18. The apparatus of claim 17, wherein the virtual HVAC model is trained based on artificial intelligence to predict and implement the virtual cabin environment for the cabin of the virtual HVAC system, based on the driving environment information.

19. The apparatus of claim 17, wherein the processor is further configured to:

     control a speed of the virtual vehicle such that a position of the virtual vehicle is ahead of a position of the vehicle by a preset time or a preset distance.

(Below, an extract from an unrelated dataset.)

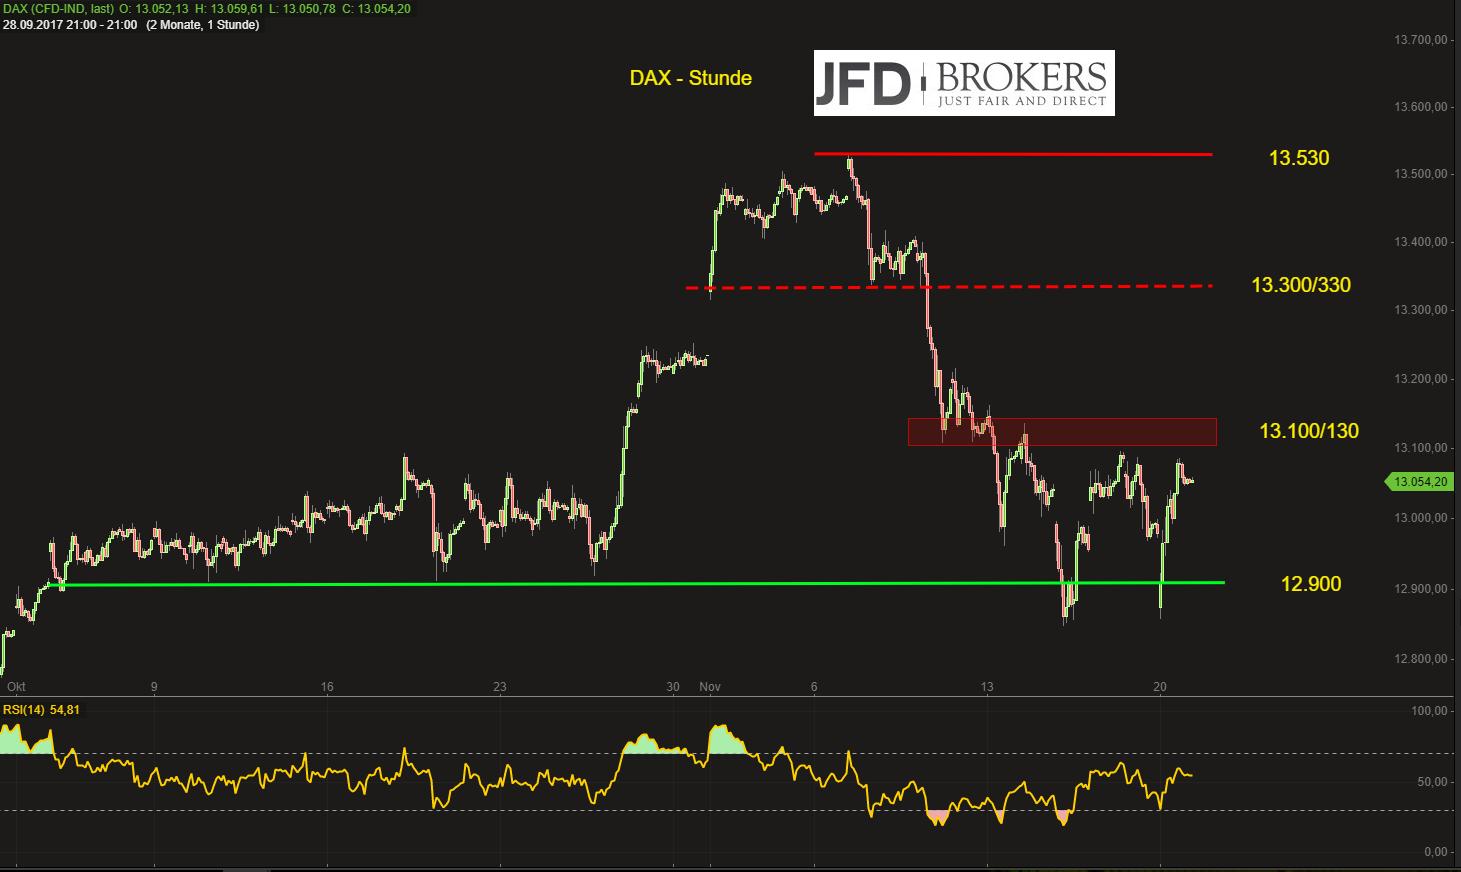 DAX-mit-klarem-Statement-gegen-die-12-850-Bullen-auf-dem-Vormarsch-Kommentar-JFD-Brokers-GodmodeTrader.de-2

20. A method for operating a virtual HVAC model implemented as a digital twin, wherein the operation is configured to simulate and control thermal conditions within a vehicle environment, and wherein the virtual HVAC model utilizes a refrigerant selected from a wide range of refrigerant types, including but not limited to: natural refrigerants, synthetic refrigerants such as hydrofluorocarbons (HFCs), hydrofluoroolefins (HFOs), and hydrochlorofluorocarbons (HCFCs), hydrocarbon-based refrigerants, and other compounds such as halons and perfluorocarbons (PFCs), the method comprising,

receiving input data related to vehicle operating conditions and environmental factors;

processing the input data using a trained artificial intelligence model to simulate thermal behavior within a vehicle cabin; and

controlling the virtual HVAC system based on the simulation to evaluate performance and optimize energy usage.